# Christmas & in-laws



## J55TTC (Apr 25, 2005)

What the fuck?

A bit of background first: December 30th 2006 our first born arrives and understandably my in-laws (mostly the mother - a real bitch!) have already planned spending his first christmas (2007) with him. Fine no problem with me, we will go to France to spend his 2nd christmas with my parents. She obviously went away and realised that the baby was not going to be very interactive during his first christmas so decided to change their minds "No we will spend his second christmas with him" - Im like "whatever".

Anyway, she ruined christmas 2007 by causing a huge fuss saying we were excluding them and that my folks get preferential treatment to the point where my folks were a bit embarrassed about the whole thing and said forget it we will stay in France and will come over in the new year to see him. The decision was hers in the first place - WENCH!

So when all this kicks off I say fine but then we are going to France on our own for christmas 2008 and youre not invited because you are an obsessed freak! - well not those words exactly, I was diplomatic. We have not had a christmas to ourselves - ever! And a christmas to ourselves without all the usual fuss and family bollox is what we really want.

So, Saturday evening we are there for the usual bollocks when "she" pipes up "tell your folks we are coming for christmas as we want to spend the day with Max" I nearly leaned over the table and smacked her around the chops with the gravy jug. The fucking audacity of just inviting youeself eh! I kept my cool although it was extremely hard and decided to adress the situation with my better half when we got home. Now theres a rift between my wife and I, my parents are a bit upset as they have been as patient as patient can be and to top it all I just did the maths and the last christmas I spent with my parents was 1999! Ever since we have spent it with Janes folks just to keep this stupid bitch happy.

Ive lost the plot, I want to kill her in a slow torturous manner, perhaps involving that gravy jug. But what the fuck is with planning christmas in August?

Bitch you need to fuck off and leave me and my family alone!

I guess I am going to have the last laugh as the next time she asks whats happening I have already decided that Im going to let rip. Ive warned Jane and she says go for it :twisted:

Its a long read I know, but I just had to get it off my chest.

WTF :?:


----------



## Wondermikie (Apr 14, 2006)

J55TTC said:


> Bitch you need to fuck off and leave me and my family alone!












Love it!


----------



## Wallsendmag (Feb 12, 2004)

Convert to a non Christian faith and make a kiling by working through Christmas [smiley=thumbsup.gif]


----------



## Private Prozac (Jul 7, 2003)

That's why I fucking dread Christmas.

Pulled from pillar to post. Which son do I go to to be there when they wake up on Christmas morning?
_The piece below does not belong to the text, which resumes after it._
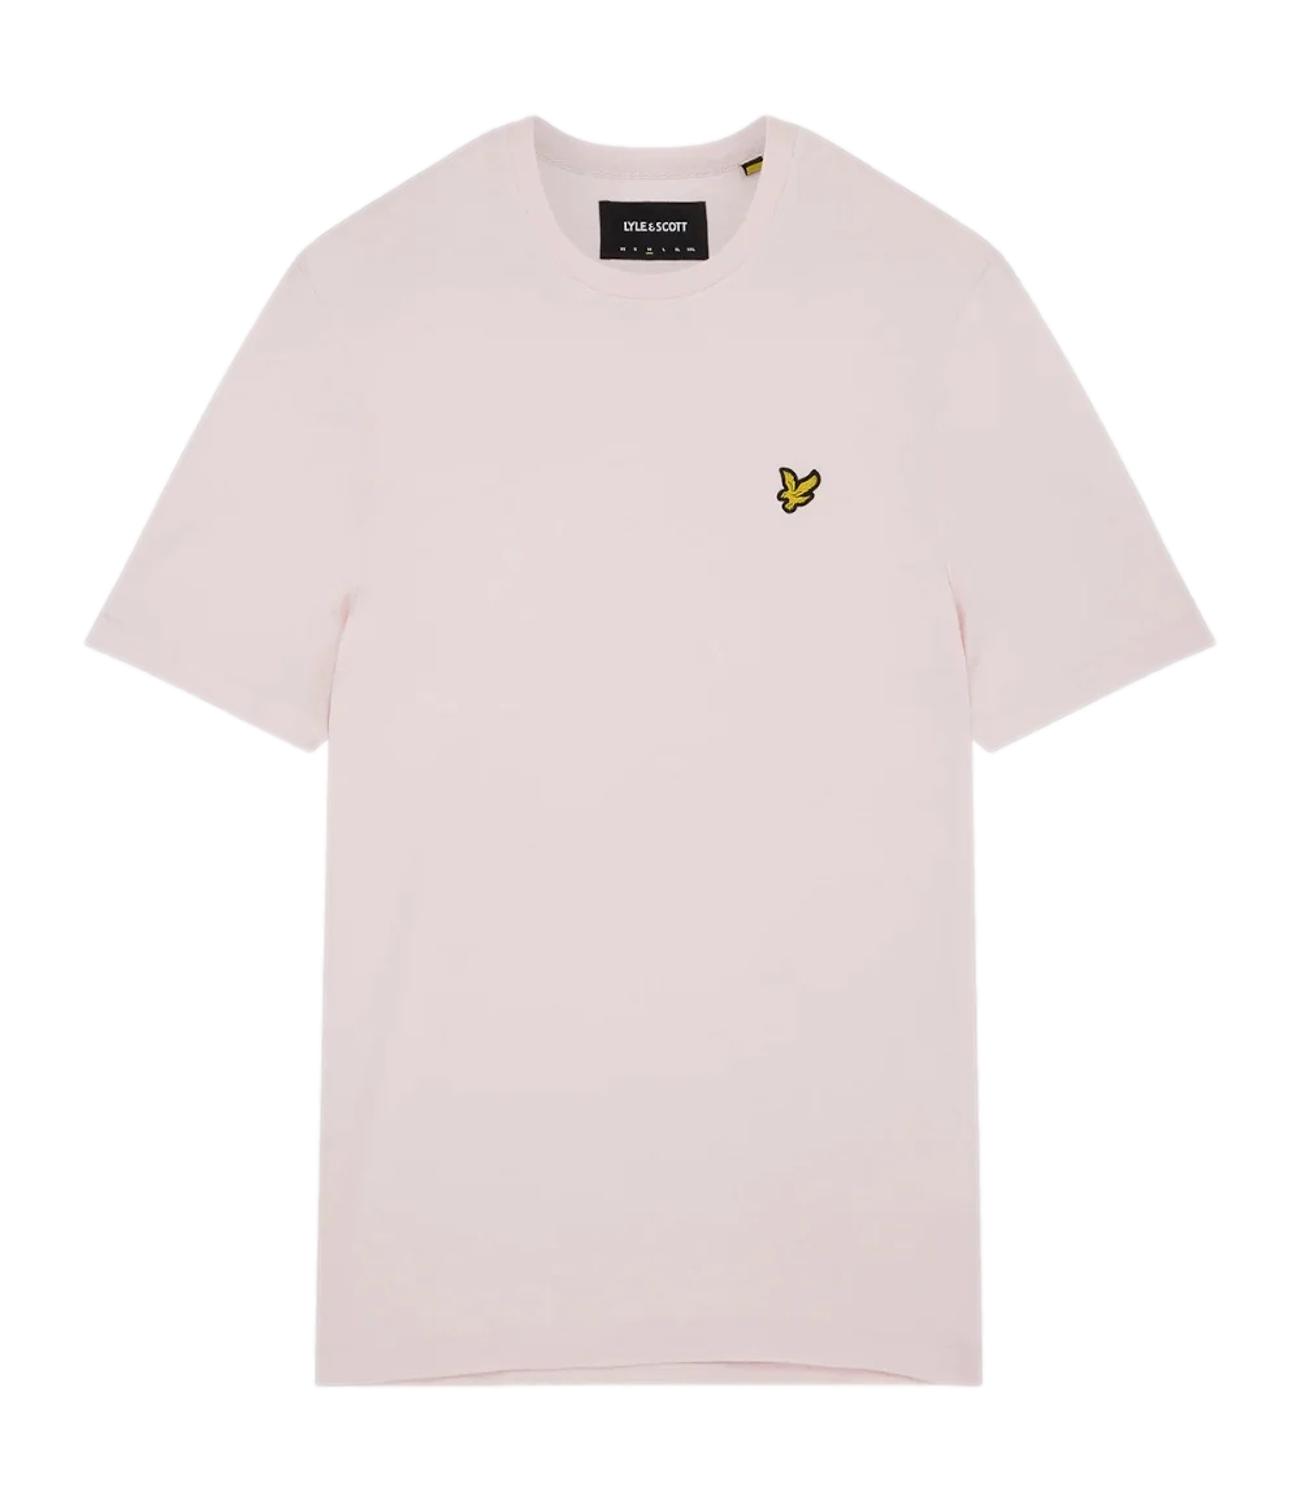 T-shirt Plain Lyle & Scott light pink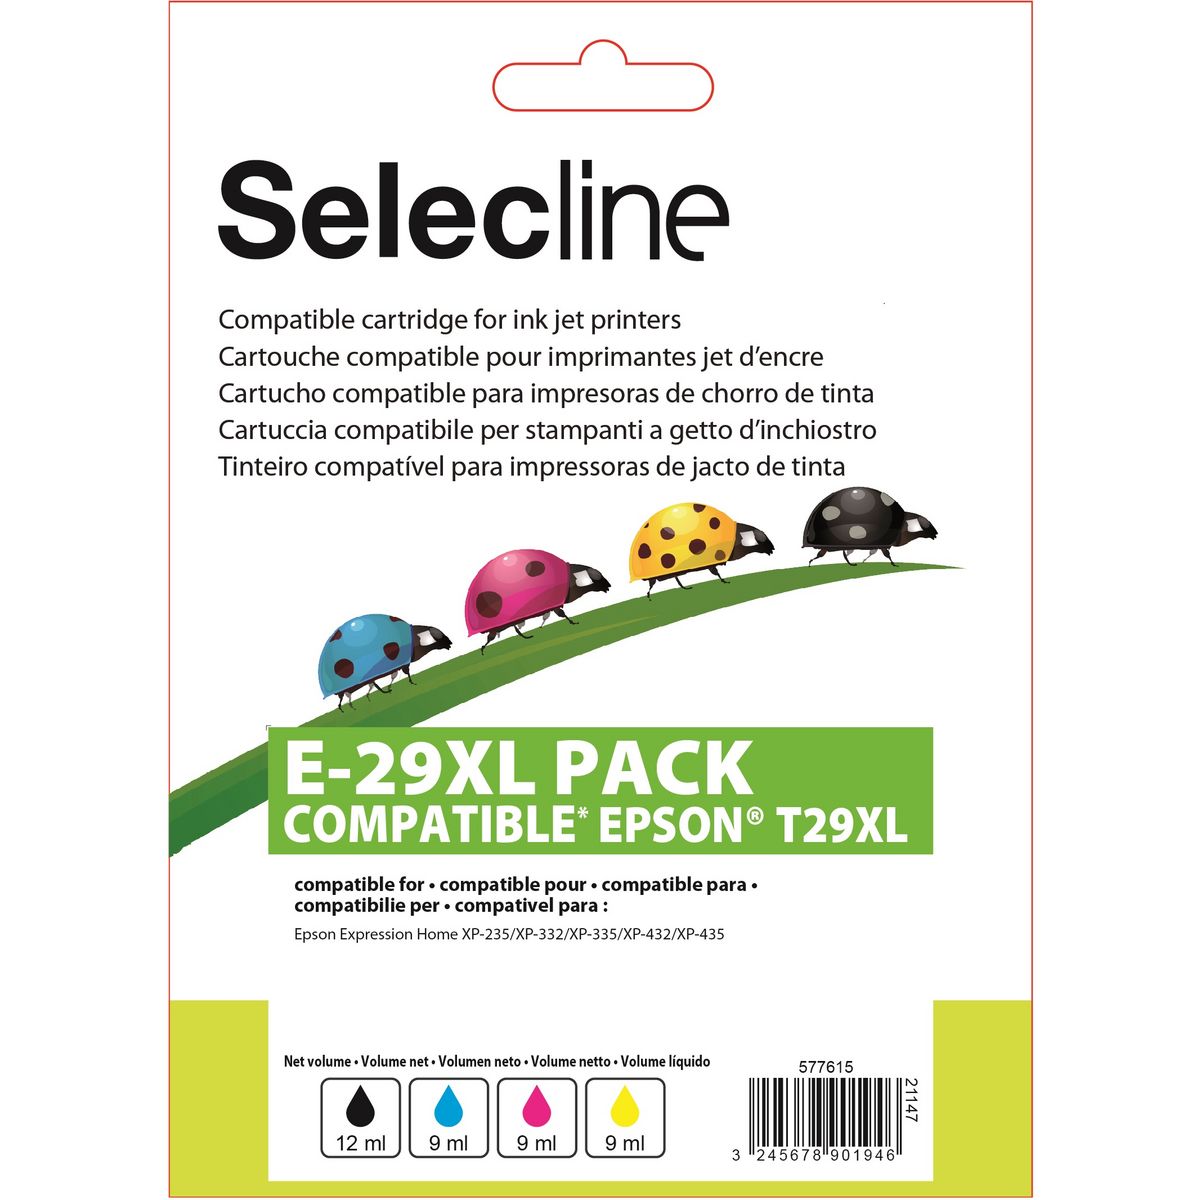 SELECLINE Cartouche 4 Couleurs E-29 XL PACK

Then how long do I spend there before going over to the other son?

Thank fuck I don't get on with anyone else! :?


----------



## mighTy Tee (Jul 10, 2002)

The last Christmas I spent with my father was 1997 (my mother passed away in 1989). Every Christmas is with her mother, the poor lonely (mother in law wont get her own life, but expects my wife to do everything with/for her).

Going to be interesting this Christmas. My father has just had a major cancer op, and I dont see why we shouldnt spend Christmas with my father. Watch this space.

(at least we dont have kids to make things even worse)


----------



## Toshiba (Jul 8, 2004)

Just say no.
I want a xmas alone with my family and none of the grand parents are invited this year.
Explain to the wife its not personal, you just want to enjoy xmas with your son.

Mine will be 2 this year and thats what I've said to both families.


----------



## J55TTC (Apr 25, 2005)

Sounds like we are in the same boat Tosh.

The Mrs understands fully and has no problems with it I just cant understand planning christmas and getting pissed off about it all this early in the year! Our little un is 19 months and will also be 2 come christmas, sometimes I feel like an adopted father the way "that stupid bitch" carries on.

Im going to be savoring the moment when I tell her to get lost - she is going to be so pissed off :twisted:


----------



## mike_bailey (May 7, 2002)

Every year we agree we're going to book a holiday over Xmas to avoid this stuff and every year we don't do it...except a couple of years ago when we booked Xmas at Disney Paris and the night before we went me little girl got a nasty chest infection so we had to stay at home where my folks were because they were housesitting aggggghhhhhh :x


----------



## T3RBO (Dec 9, 2003)

Do you know what I would do... Say yes to her just to keep the peace for a few months, then closer to the time do what is best for your immediate family :wink:

And a small white lie saying someone is unwell is usually enough to spend time else where hassle free


----------



## ResB (Apr 17, 2005)

Just tell them they are not invited! Period. [smiley=argue.gif] [smiley=end.gif]


----------



## Private Prozac (Jul 7, 2003)

ResB said:


> Period. [smiley=argue.gif] [smiley=end.gif]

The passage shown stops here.